> _EXERCISE DESCRIPTION_:
Give again, exactly and only, the lines running from the one with "Top 5 Best Gender-Bender" to the end of the material below; leave out pictures.

> _DATA_:
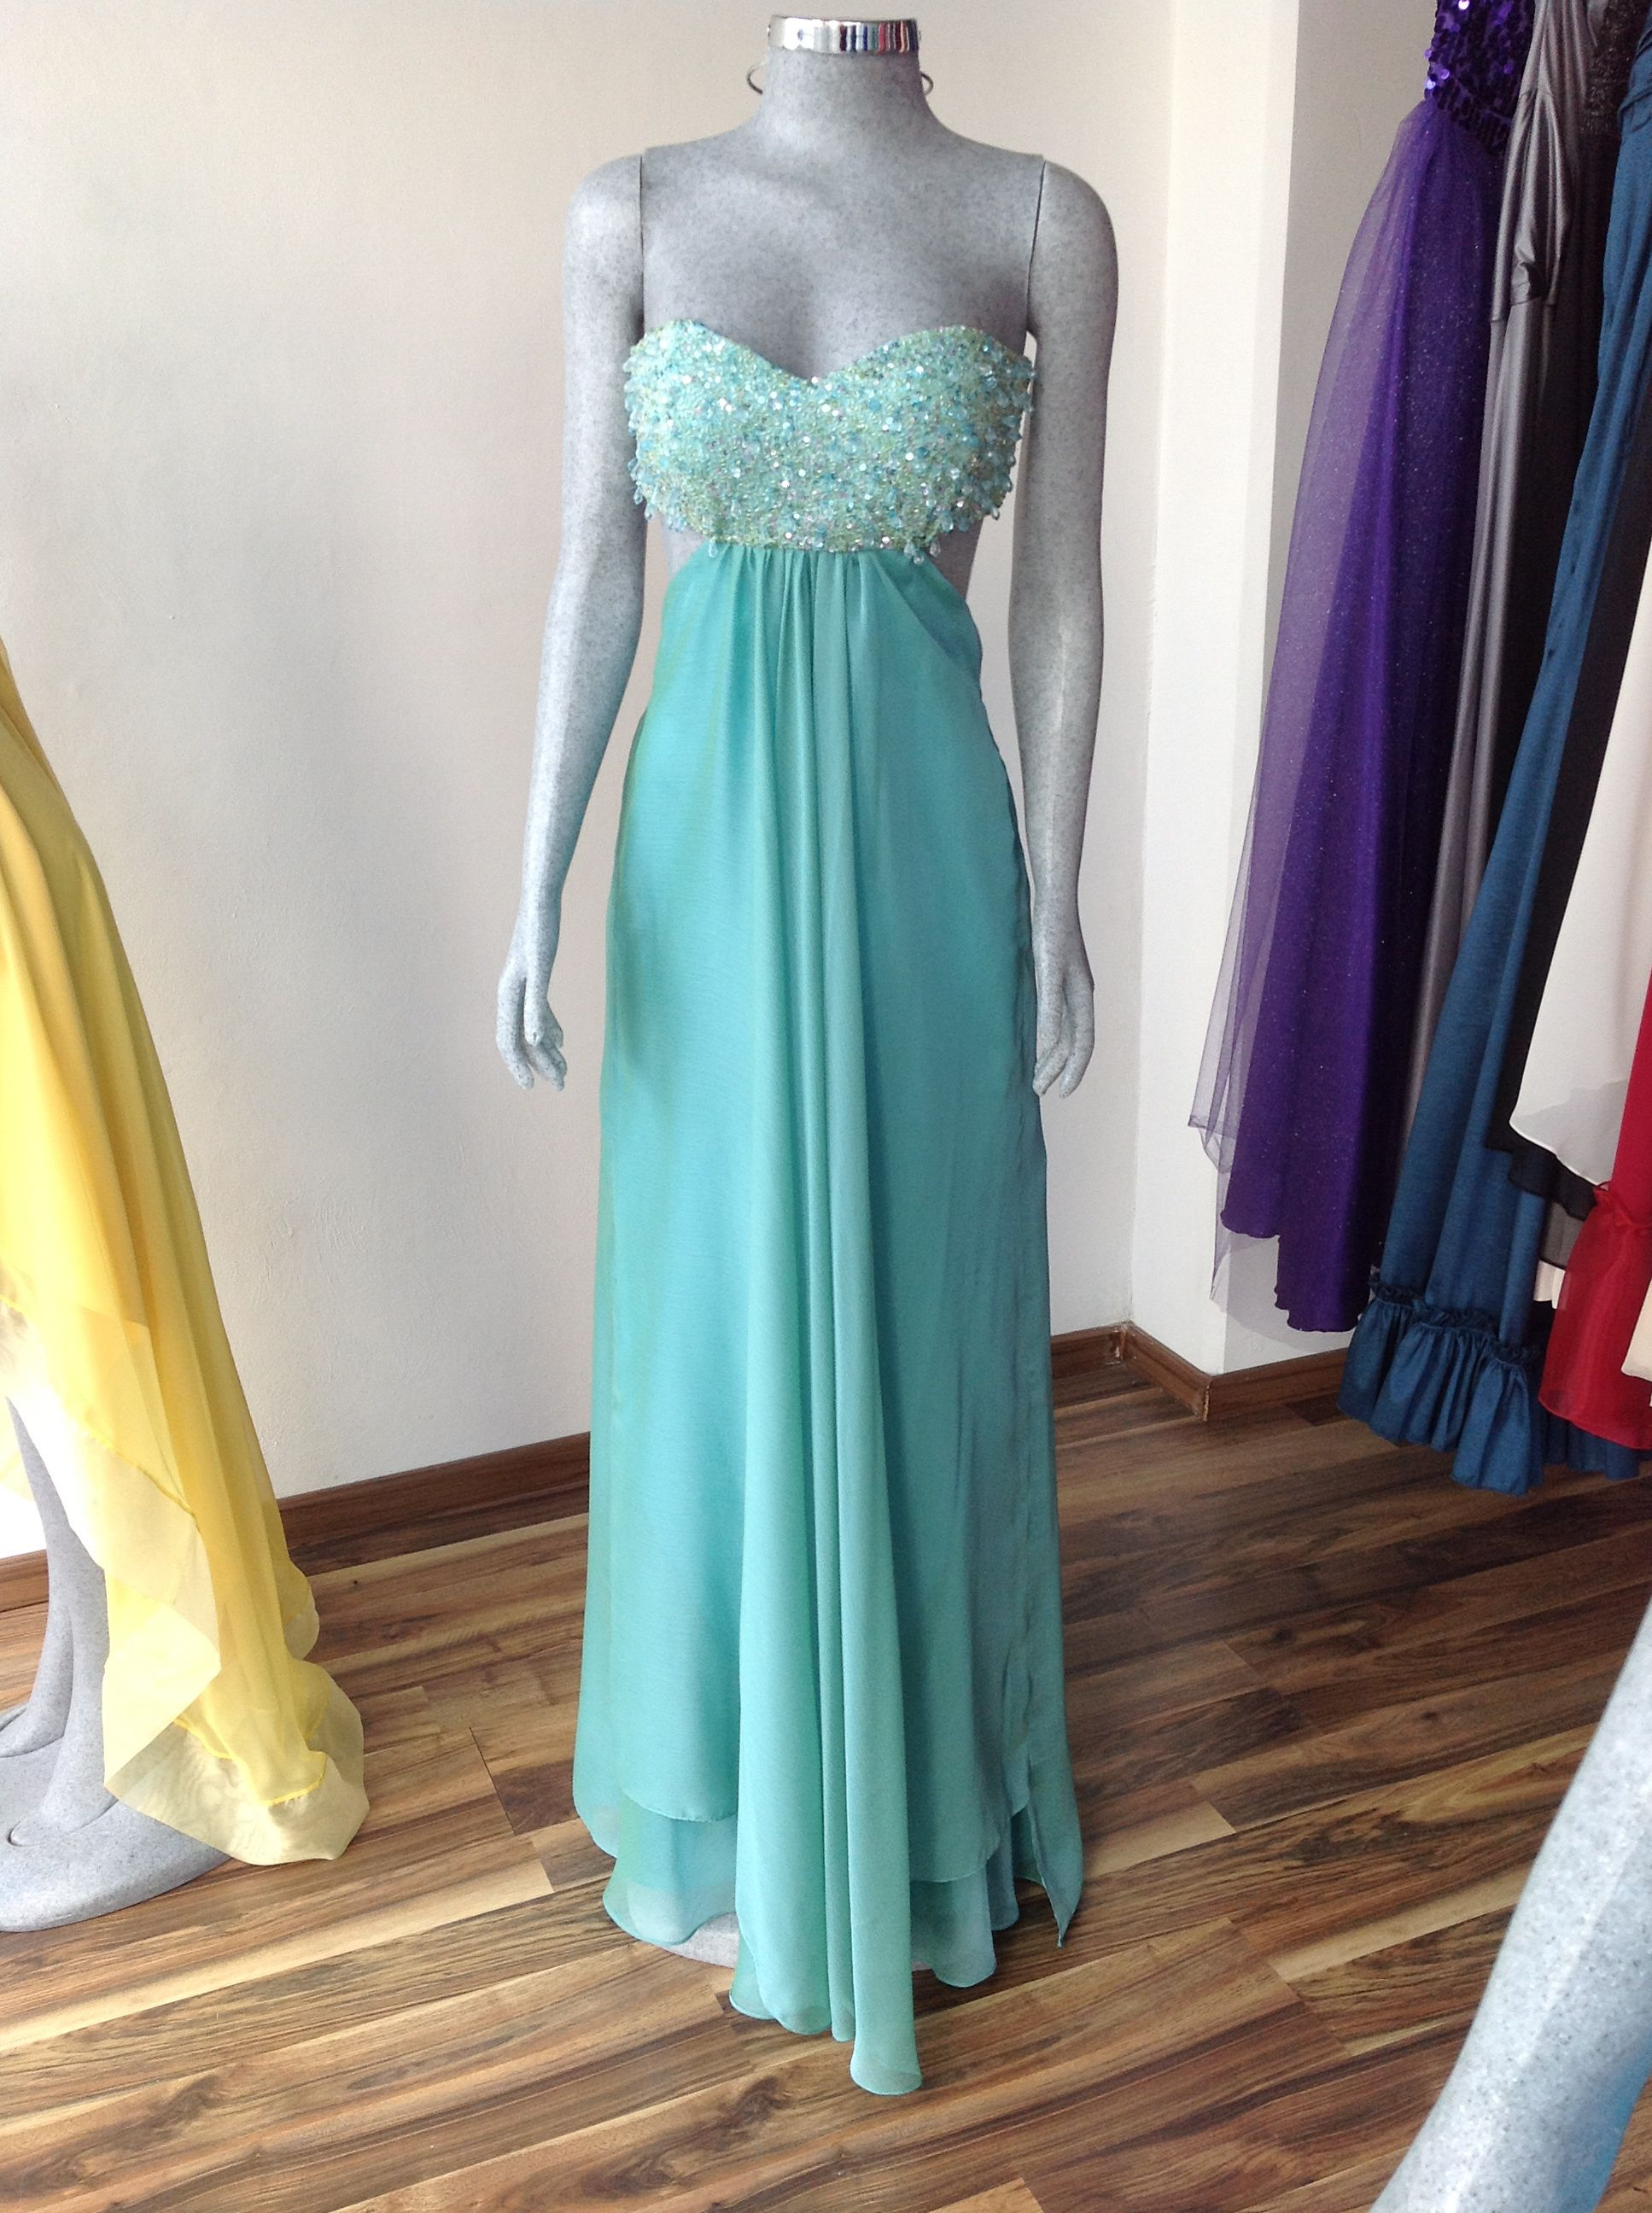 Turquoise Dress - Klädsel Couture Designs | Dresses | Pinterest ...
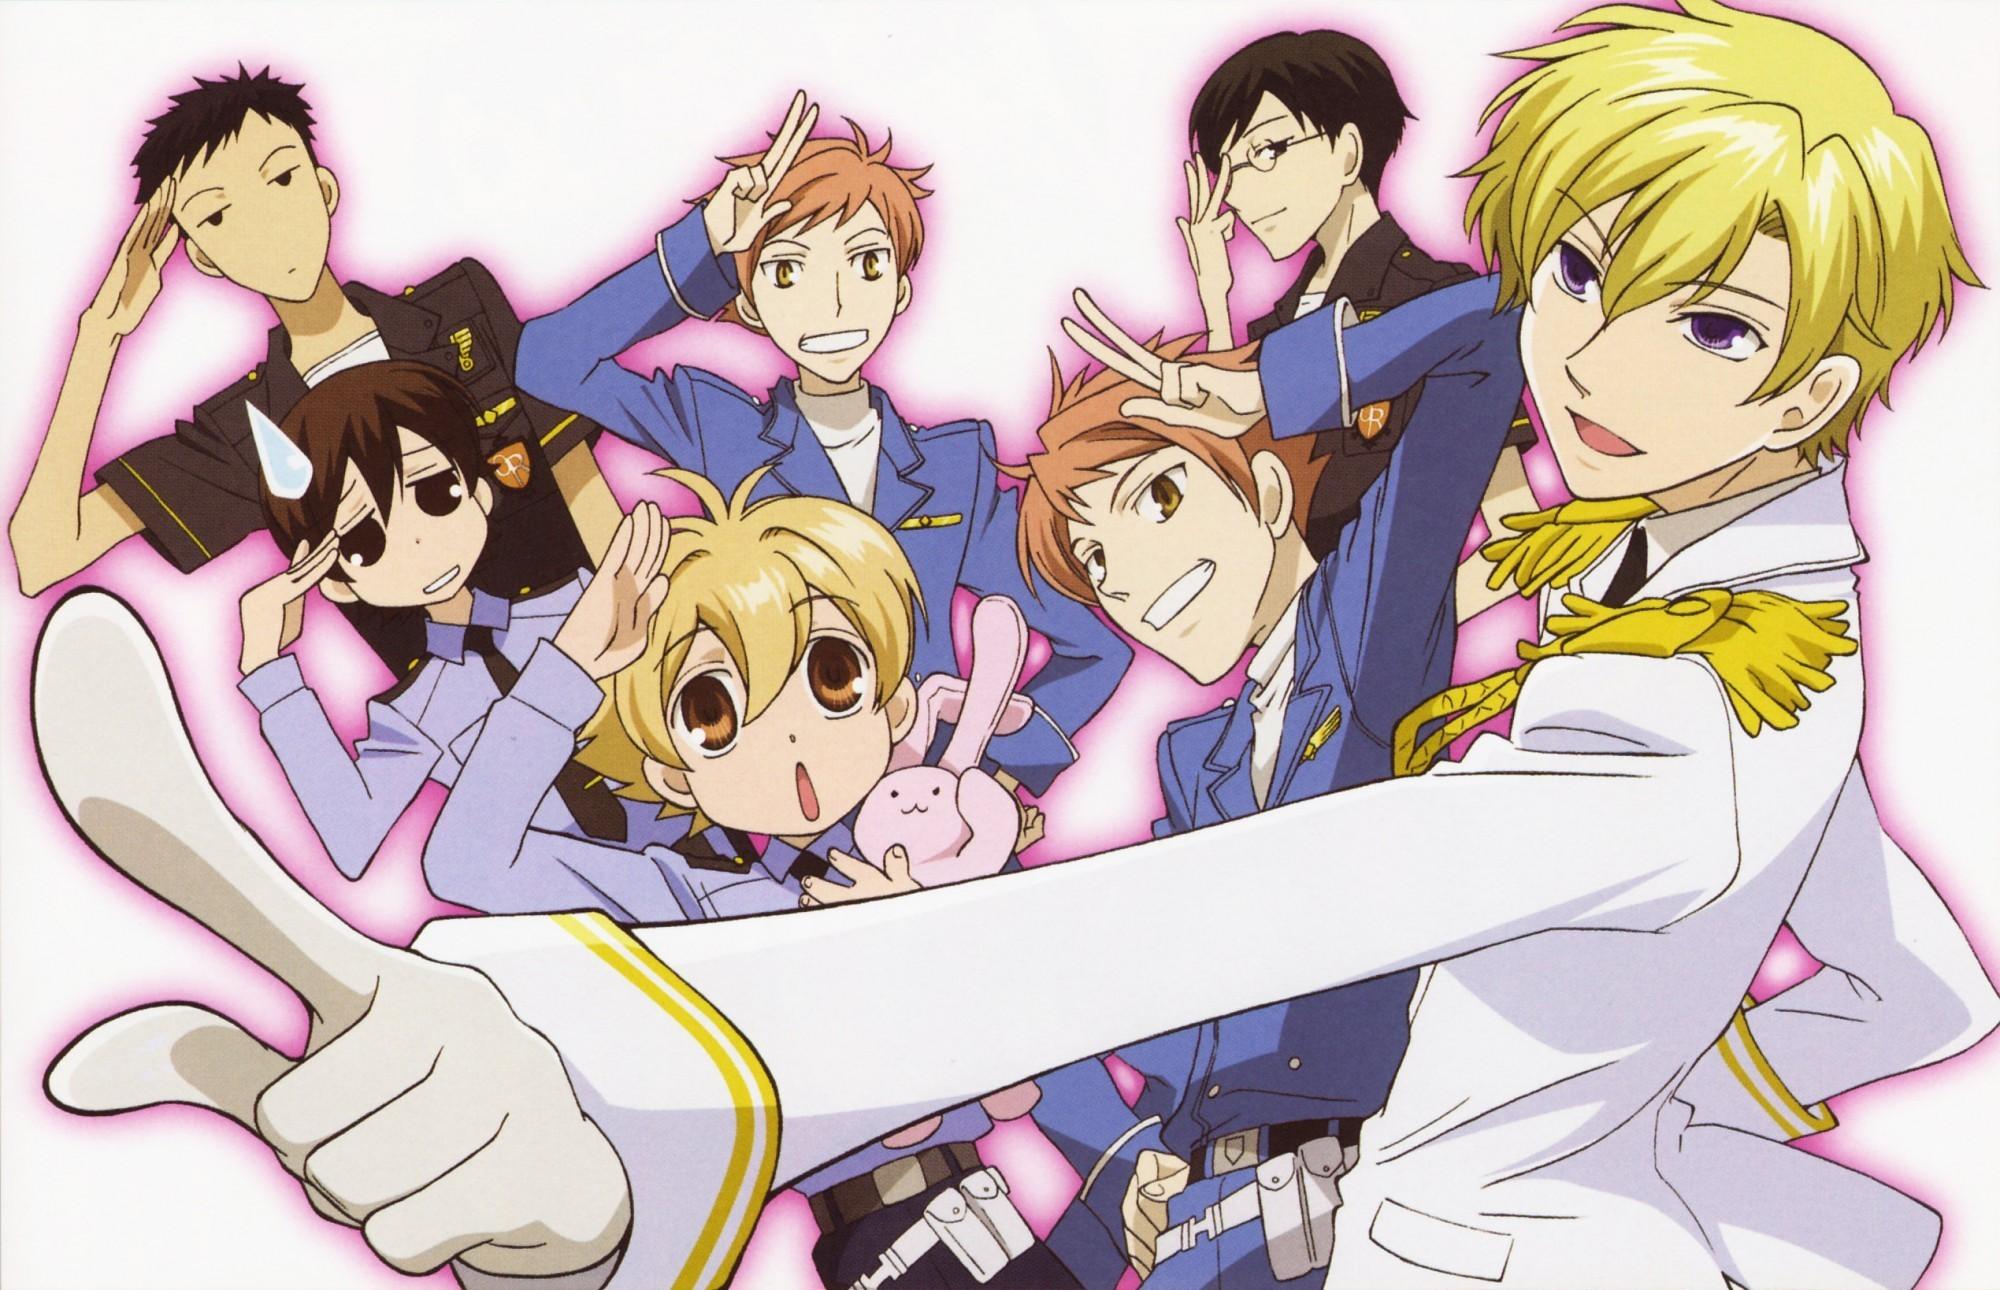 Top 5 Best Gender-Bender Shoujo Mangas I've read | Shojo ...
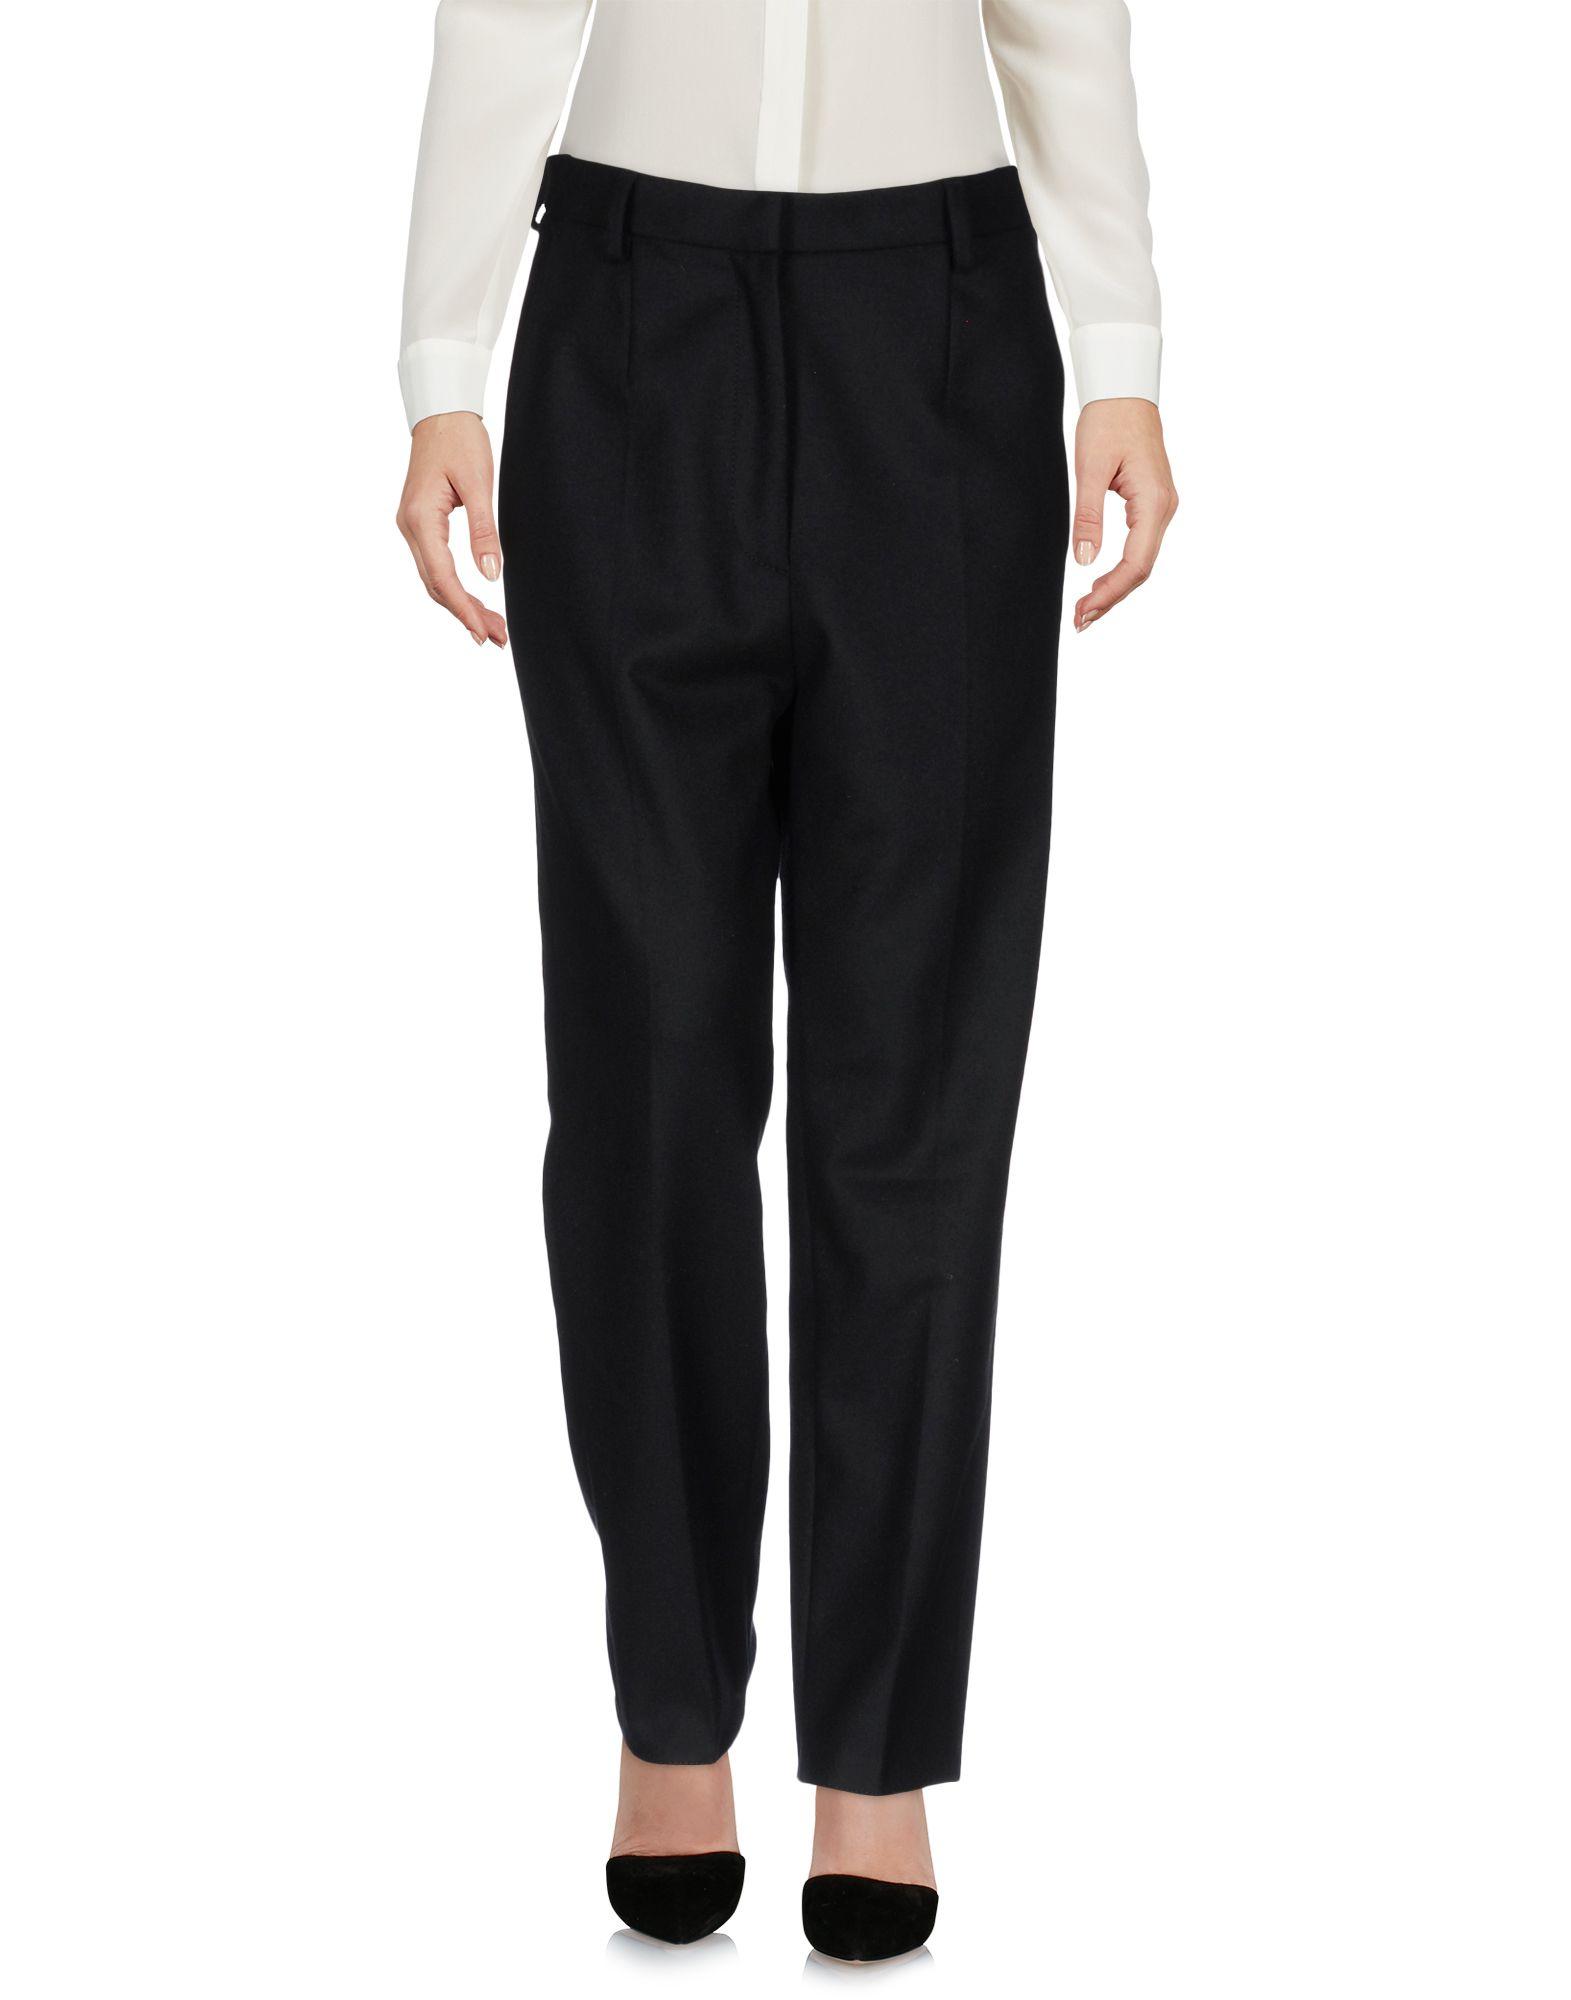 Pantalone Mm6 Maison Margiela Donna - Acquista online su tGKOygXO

> _THE ANSWER_:
 Top 5 Best Gender-Bender Shoujo Mangas I've read | Shojo ...
 Pantalone Mm6 Maison Margiela Donna - Acquista online su tGKOygXO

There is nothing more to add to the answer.